## EXERCISE DESCRIPTION
In the records below, find the line containing "Мужские наручные часы"; give it again exactly, along with every line that follows, and nothing else.

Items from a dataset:

········

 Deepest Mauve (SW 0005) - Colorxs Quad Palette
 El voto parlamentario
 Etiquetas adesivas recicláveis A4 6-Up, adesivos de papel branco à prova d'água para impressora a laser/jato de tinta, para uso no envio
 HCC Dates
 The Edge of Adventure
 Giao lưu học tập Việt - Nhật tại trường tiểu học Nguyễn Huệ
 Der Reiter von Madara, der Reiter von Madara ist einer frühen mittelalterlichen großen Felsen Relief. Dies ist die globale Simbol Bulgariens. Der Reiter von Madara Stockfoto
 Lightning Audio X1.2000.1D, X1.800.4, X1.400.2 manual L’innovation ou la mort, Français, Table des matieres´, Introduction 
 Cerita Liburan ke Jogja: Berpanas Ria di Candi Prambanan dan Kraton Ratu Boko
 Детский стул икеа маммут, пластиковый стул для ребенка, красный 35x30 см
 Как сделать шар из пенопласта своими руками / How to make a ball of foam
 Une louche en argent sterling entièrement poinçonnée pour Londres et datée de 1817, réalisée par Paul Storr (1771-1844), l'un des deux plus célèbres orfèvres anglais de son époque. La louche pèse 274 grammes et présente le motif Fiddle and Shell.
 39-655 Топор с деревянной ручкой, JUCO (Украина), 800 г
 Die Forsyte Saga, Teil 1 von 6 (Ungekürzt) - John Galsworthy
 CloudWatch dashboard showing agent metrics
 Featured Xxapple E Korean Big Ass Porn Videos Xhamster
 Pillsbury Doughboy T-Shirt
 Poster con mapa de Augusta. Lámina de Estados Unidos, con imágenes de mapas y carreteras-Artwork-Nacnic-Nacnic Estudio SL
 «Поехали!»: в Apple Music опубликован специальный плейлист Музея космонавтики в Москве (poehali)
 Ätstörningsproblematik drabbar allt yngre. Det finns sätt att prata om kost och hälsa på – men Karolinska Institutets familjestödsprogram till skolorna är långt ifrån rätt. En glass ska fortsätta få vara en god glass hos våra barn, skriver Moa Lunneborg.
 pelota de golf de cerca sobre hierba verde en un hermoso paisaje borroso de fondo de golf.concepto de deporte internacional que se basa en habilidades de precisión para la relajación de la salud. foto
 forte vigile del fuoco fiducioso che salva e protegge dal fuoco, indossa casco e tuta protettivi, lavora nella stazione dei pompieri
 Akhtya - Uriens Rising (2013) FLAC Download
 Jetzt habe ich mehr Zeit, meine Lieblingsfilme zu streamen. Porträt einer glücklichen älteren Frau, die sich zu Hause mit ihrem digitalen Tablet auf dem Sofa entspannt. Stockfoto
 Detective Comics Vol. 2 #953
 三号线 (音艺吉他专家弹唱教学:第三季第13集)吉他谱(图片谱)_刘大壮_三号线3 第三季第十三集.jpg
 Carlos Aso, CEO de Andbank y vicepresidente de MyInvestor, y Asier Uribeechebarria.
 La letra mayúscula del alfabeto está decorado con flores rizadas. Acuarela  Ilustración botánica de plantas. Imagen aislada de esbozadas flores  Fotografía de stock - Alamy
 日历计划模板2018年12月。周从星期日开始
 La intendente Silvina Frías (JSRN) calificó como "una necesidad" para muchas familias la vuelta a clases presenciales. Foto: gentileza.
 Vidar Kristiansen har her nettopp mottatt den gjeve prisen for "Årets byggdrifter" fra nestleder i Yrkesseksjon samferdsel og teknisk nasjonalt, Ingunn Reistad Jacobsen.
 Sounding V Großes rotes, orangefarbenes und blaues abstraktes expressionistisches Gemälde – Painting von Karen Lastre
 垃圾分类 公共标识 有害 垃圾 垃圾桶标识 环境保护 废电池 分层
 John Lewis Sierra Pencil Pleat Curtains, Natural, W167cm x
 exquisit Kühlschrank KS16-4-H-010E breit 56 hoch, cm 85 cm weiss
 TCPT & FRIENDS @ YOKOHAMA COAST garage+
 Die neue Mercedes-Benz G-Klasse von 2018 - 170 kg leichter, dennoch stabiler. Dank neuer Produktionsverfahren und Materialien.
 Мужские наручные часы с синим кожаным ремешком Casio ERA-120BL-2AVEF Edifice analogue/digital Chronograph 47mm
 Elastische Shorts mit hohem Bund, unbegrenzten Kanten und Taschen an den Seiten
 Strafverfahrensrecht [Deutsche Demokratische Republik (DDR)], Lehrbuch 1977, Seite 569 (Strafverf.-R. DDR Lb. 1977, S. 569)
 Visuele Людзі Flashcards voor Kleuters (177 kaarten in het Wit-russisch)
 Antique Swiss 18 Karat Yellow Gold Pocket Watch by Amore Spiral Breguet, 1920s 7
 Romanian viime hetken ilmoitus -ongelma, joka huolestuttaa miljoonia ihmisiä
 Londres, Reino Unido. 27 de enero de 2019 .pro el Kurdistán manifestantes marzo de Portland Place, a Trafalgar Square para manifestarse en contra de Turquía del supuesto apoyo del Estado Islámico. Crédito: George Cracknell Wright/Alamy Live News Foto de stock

········

## EXERCISE SOLUTION
 Мужские наручные часы с синим кожаным ремешком Casio ERA-120BL-2AVEF Edifice analogue/digital Chronograph 47mm
 Elastische Shorts mit hohem Bund, unbegrenzten Kanten und Taschen an den Seiten
 Strafverfahrensrecht [Deutsche Demokratische Republik (DDR)], Lehrbuch 1977, Seite 569 (Strafverf.-R. DDR Lb. 1977, S. 569)
 Visuele Людзі Flashcards voor Kleuters (177 kaarten in het Wit-russisch)
 Antique Swiss 18 Karat Yellow Gold Pocket Watch by Amore Spiral Breguet, 1920s 7
 Romanian viime hetken ilmoitus -ongelma, joka huolestuttaa miljoonia ihmisiä
 Londres, Reino Unido. 27 de enero de 2019 .pro el Kurdistán manifestantes marzo de Portland Place, a Trafalgar Square para manifestarse en contra de Turquía del supuesto apoyo del Estado Islámico. Crédito: George Cracknell Wright/Alamy Live News Foto de stock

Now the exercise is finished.